PROBLEM LINK:
Author: Vivek Hamirwasia
Tester: Shang Jingbo and Gerald Agapov
Editorialist: Devendra Agarwal
DIFFICULTY:
Easy
PREREQUISITES:
Set Union Data Structure
PROBLEM:
N chef’s are there. Each chef has a dish which is given a value (denoted by S[i]). You need to answer 2 queries :
- 0 x y : Chef containing dish x competes with chef containing dish y. If both dishes belong to same chef print “Invalid Query!” , otherwise the winner of the round will obtain all the dishes of the loser which will then be eliminated.
- 1 x : Output the chef which contains the dish x.
Explanation
This problem can be solved using Disjoint set data structures.
Union Find or Disjoint Set Data structures allow you to merge two sets of items together dynamically and maintain for each item - to which set set does it belong.
This is exactly what we need in the problem , i.e. dynamically merging two sets and querying which set does an element belong.
We will be using Disjoint Set Data Structure that supports the following :
- find(A) : Get the id of the disjoint set to which A belongs(i.e. the chef id which contains that dish).
- union(A,B) : Merge the two disjoint sets in which A and B belong respectively.
Initially, we will create N disjoint set , each set contains 1 dish and it’s owner.
Let dish x be in setA and dish y be in setB.
If the dish contained by the owner of setA has score higher than the dish contained by the owner of setB , then we will merge setA and setB and set the owner of setA as the overall owner of the merged set.
If the dish contained by the owner of setB has score higher than the dish contained by the owner of setA , then we will merge setA and setB and set the owner of setB as the overall owner of the merged set.
Note : You can easily prove from this that the owner of the set has dish whose score is higher than all other dish of the set.

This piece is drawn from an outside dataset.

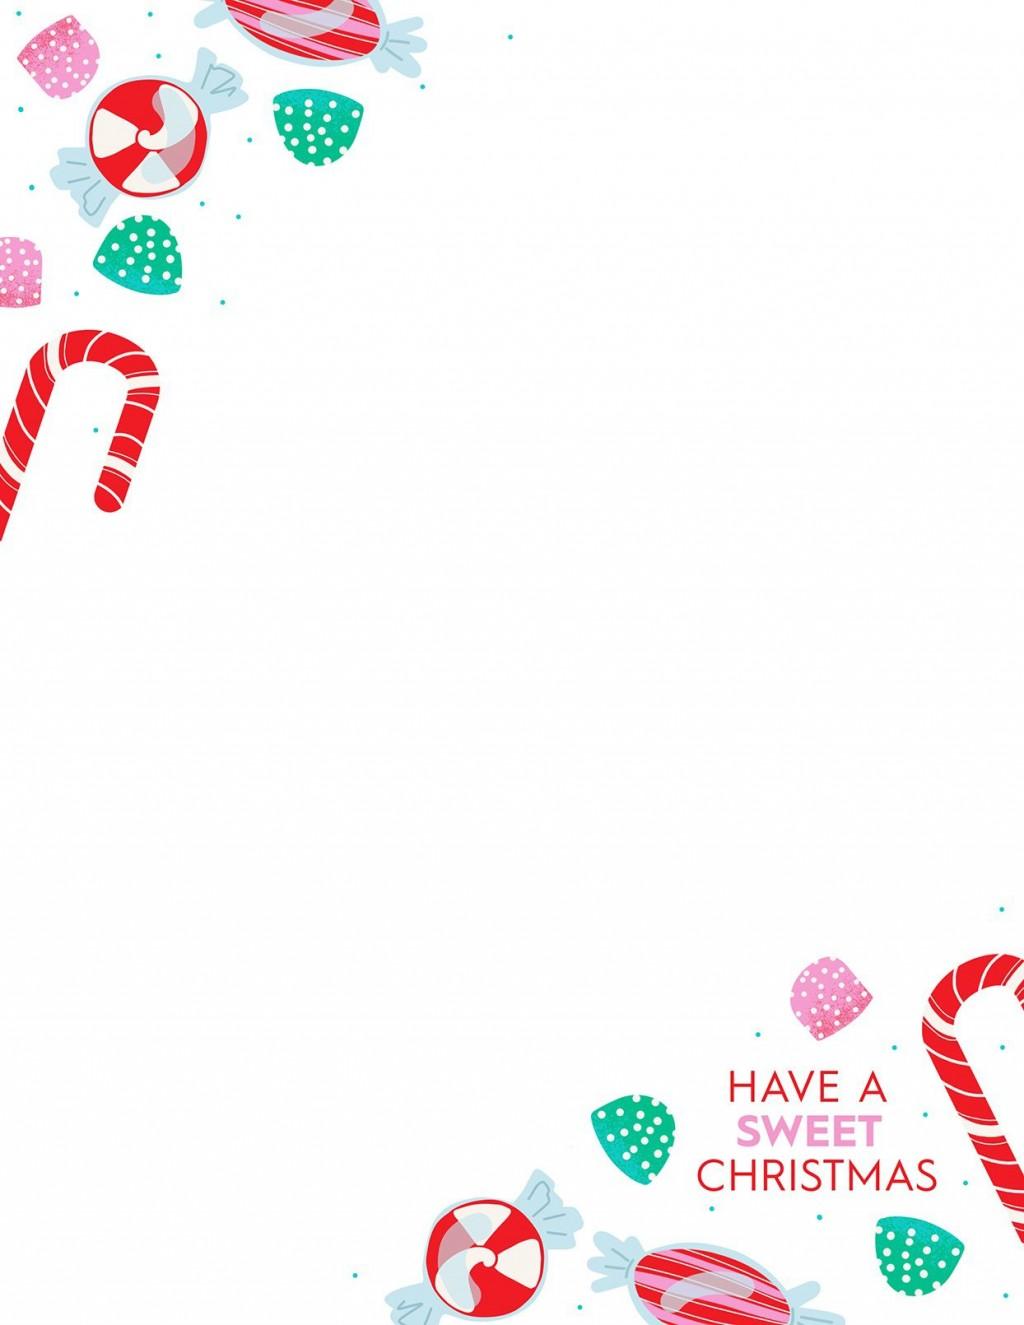 012 Sensational Free Christma Letter Template For Microsoft Word Sample  Downloadable NewsletterLarge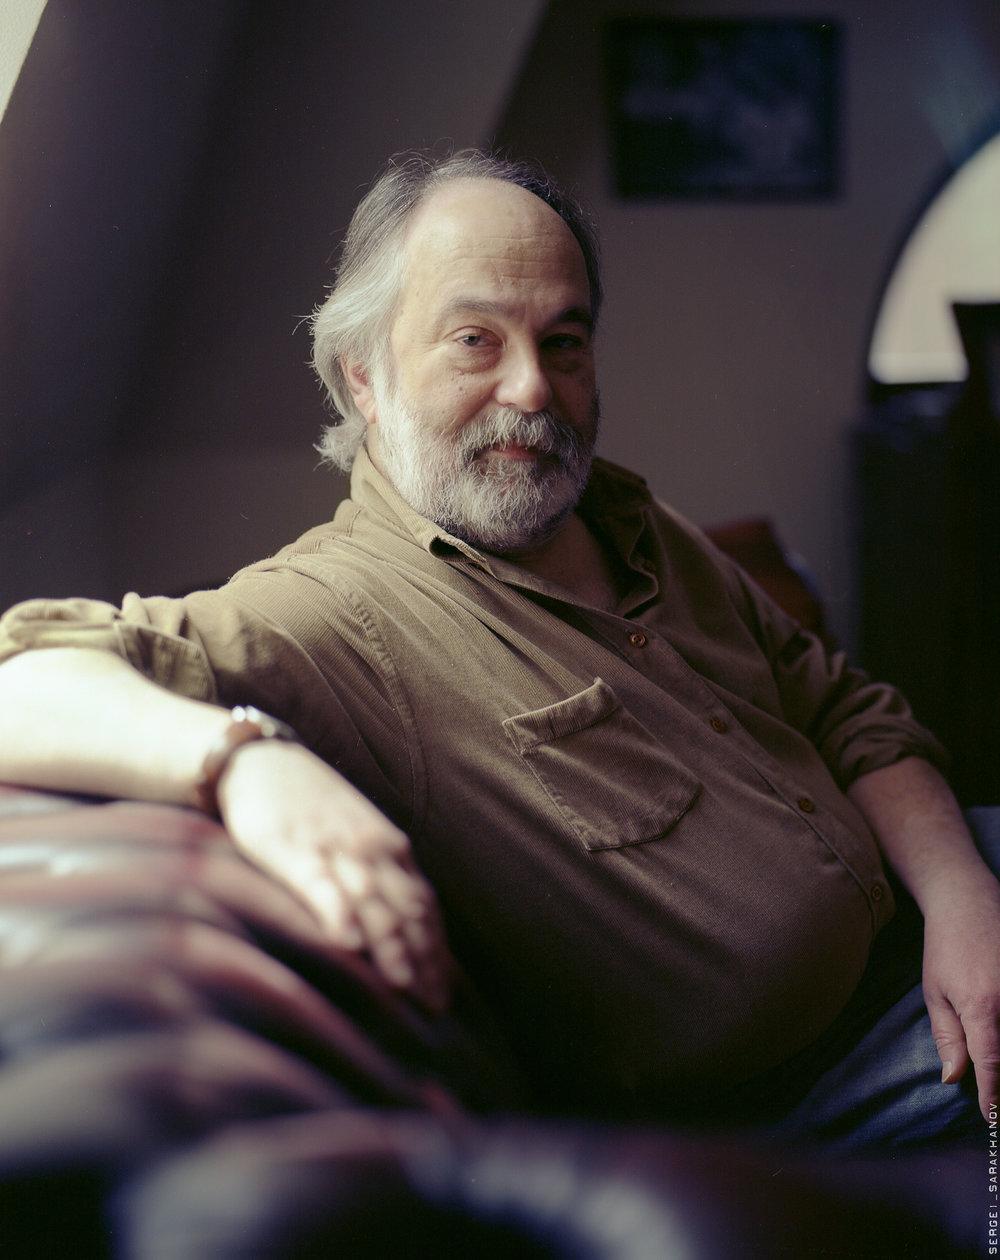 Dmitry Svetozarov

We will be using only Path Compression heuristics to solve the problem.
Pseudo Code
Initialize parent[i] = i
Let S[i] denote the initial array.
int find(int i)
int j
if(parent[i]==i)
return i
else
j=find(parent[i])
//Path Compression Heuristics
parent[i]=j
return j
set_union(int i,int j)
int x1,y1
x1=find(i)
y1=find(j)
//parent of both of them will be the one with the highest score
if(S[x1]>S[y1])
parent[y1]=x1
else if ( S[x1] < S[y1])
parent[x1]=y1
solve()
if(query == 0)
Input x and y
px = find(x)
py = find(y)
if(px == py)
print "Invalid query!"
else
set_union(px,py)
else
Input x.
print find(x)